Le complot politique s’épaissit une fois de plus: le régime sioniste veut une rivière de sang en Syrie. Il veut le chaos et la destructon parce qu’il pense que c’est le meilleur moyen d’étendre leur idéologie essentiellement talmudique et diabolique

Si vous croyez toujours qu’Israël veut la paix en Syrie, alors vous avez besoins d’écouter la sagesse d’un ambassadeur isrélien: Michael Oren. Le journal du Jerusalem Post a récemment cité Oren en disant de manière inéquivoque qu’“il n’y a pas de Syrie avec qui négocier.”[1]

Pourquoi ? Ecoutez le titre de la publication d’où provient cette citation: “Avec la Syrie en pièces, il est grand temps de reconnaître l’annexion du Golan par Israël.” En d’autres termes, sir le gouvernement Assad s’effondre et si l’EIIL et autres groupes terroristes s’emparent de la Syrie, alors le seul bénéficiaire de tout cela sera inexorablement le régime d’Israël.

Il y a aussi ici une autre implication. S’il y a la paix en Syrie, alors ce sera mauvais pour le régime sioniste précisément parce qu’il ne serait pas capable de se débarrasser d’Assad et que “l’annexion du Golan” deviendrait presque impossible. La paix est très dangereuse pour le régime sioniste, c’est une des raisons pour laquelle celui-ci a fait de son mieux pour verrouiller toute résolution pacifique avec le gouvernement syrien. En fait, la CIA a dit aux soi-disants rebelles syriens de ne pas participer à quelque conférence de paix que ce soit avec la Russie et le gouvernement syrien.

Une fois de plus, Trump a aidé le régime sioniste lorsqu’il a attaqué la Syrie il y a quelques semaines.
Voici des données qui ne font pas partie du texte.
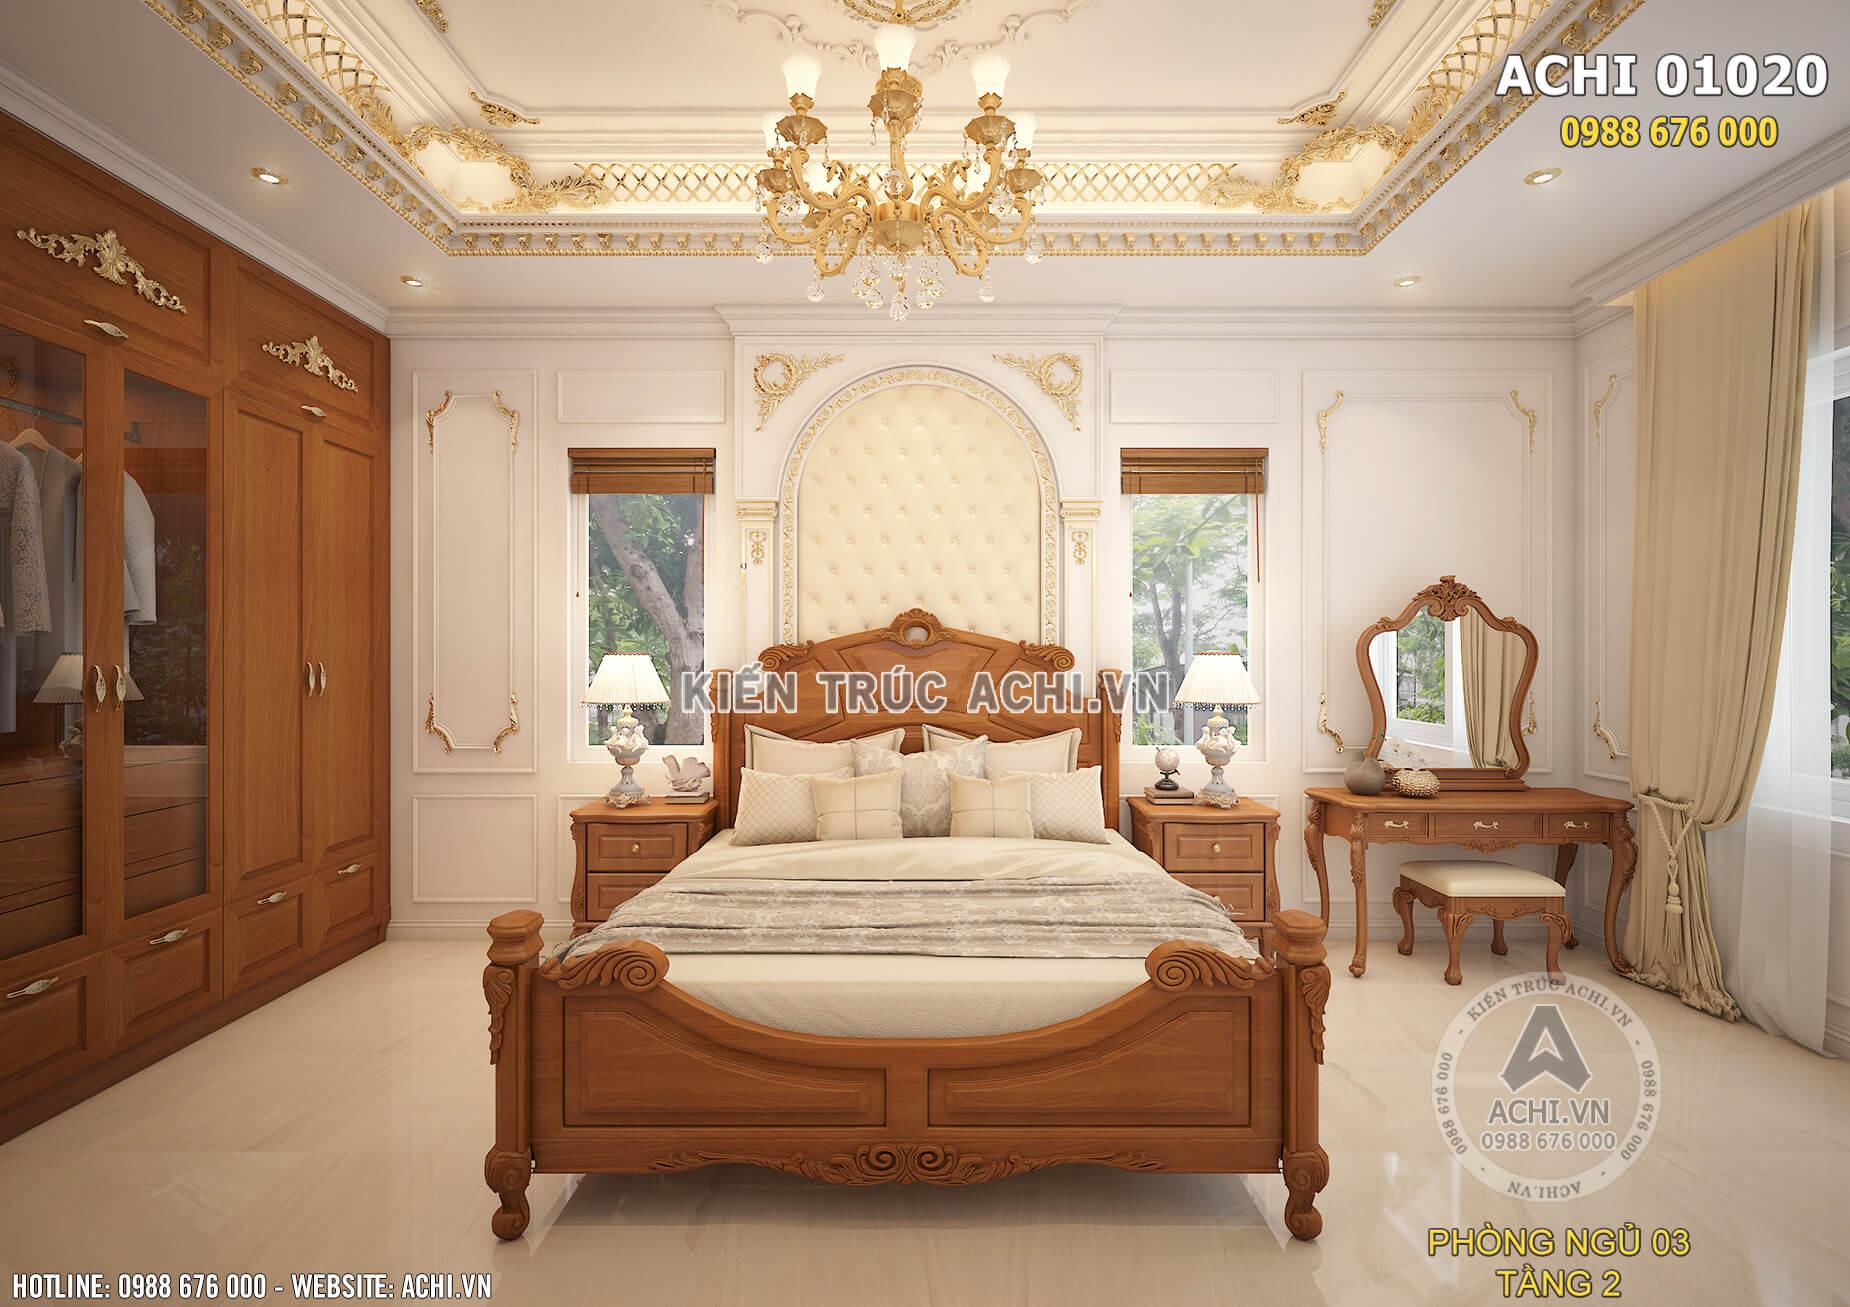 Màu sắc và vật liệu thiết kế của phòng ngủ được lựa chọn tinh tế

Trump a déjà donné à Mattis le “chien fou” carte blanche pour envoyer plus de troupes dans la région (NdT: on apprend depuis la rédaction de cet article que les Yanks sont en tran de masser des troupes à la frontière turco-syrienne, soi-disant pour s’interposer entre l’armée turque et les kurdes du Rojava…). Dans le même temps, les Etats-Unis ont déjà envoyé une livraison d’avions de combat à Israël.
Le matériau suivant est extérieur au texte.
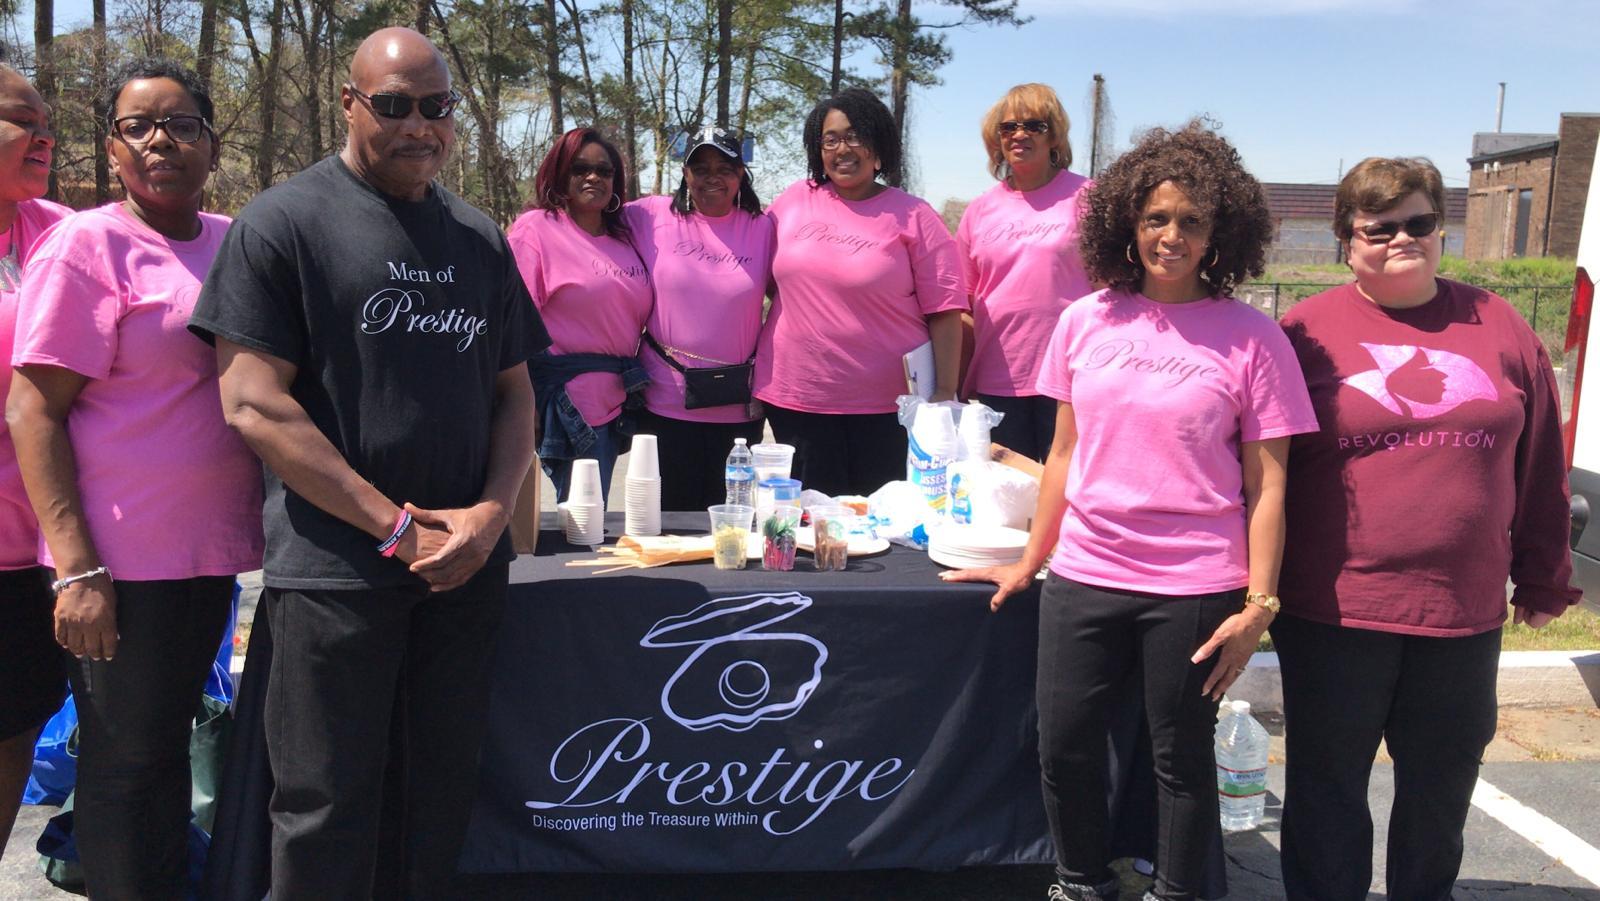 Prestige Ministry Visits Economy Hotel, Atlanta

Nous assistons encore et toujours au fait que la guerre en Syrie n’a jamais eu pour prétexte les réfugiés syriens ; le gouvernement syrien n’est pas non plus la raison, bien que les merdias sionistes l’aient étiqueté comme dictateur. Si c’était le cas, alors les Etats-Unis et Israël devraient antagoniser et attaquer l’Arabie Saoudite et non pas l’Iran ou las Corée du Nord.

Gardez à l’esprit que la guerre de l’Arabie Saoudite au Yémen a déjà produit son lot d’inommable misère. En fait, “un enfant y meure chaque 10 minutes” à cause de la guerre. N’oubliez pas non plus que l’Arabie Saoudite est un solide allié des Etats-Unis. Le ministre saoudien des affaires étrangères vient juste de rencontrer de hauts-responsables russes et leur a dit qu’”il n’y avait aucun futur politique pour le président Bachar al-Assad.”
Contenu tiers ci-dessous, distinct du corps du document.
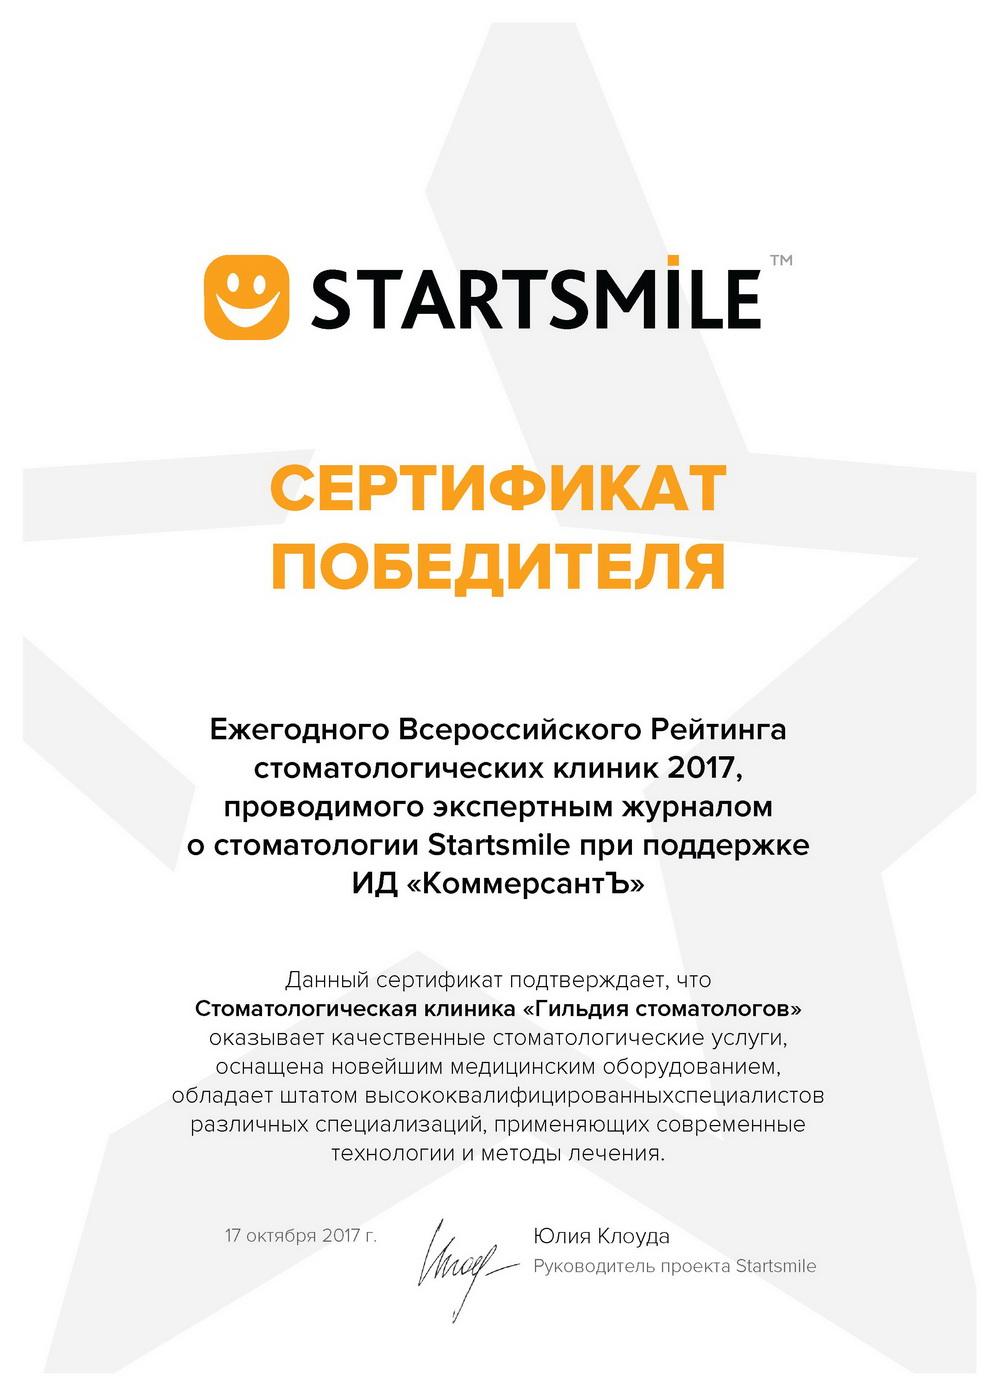 Сертификат победителя лучшая стоматология

Ainsi dont, les Etats-Unis, Israël et l’Arabie Saoudite travaillent sans relâche pour tuer Assad et faire boire son sang dans les rues de Damas Ils ont bu le sang de Kaddhafi et maintenant ils en veulent toujours plus.

[1] “With Syria in pieces, it’s time to recognize Israel’s annexation of the Golan,” Jerusalem Post, April 20, 2017.

[2] “’Child dies every 10 min’: UN, Amnesty call to stop Saudi-led assault on ‘crucial lifeline’ in Yemen,” Russia Today, April 25, 2017.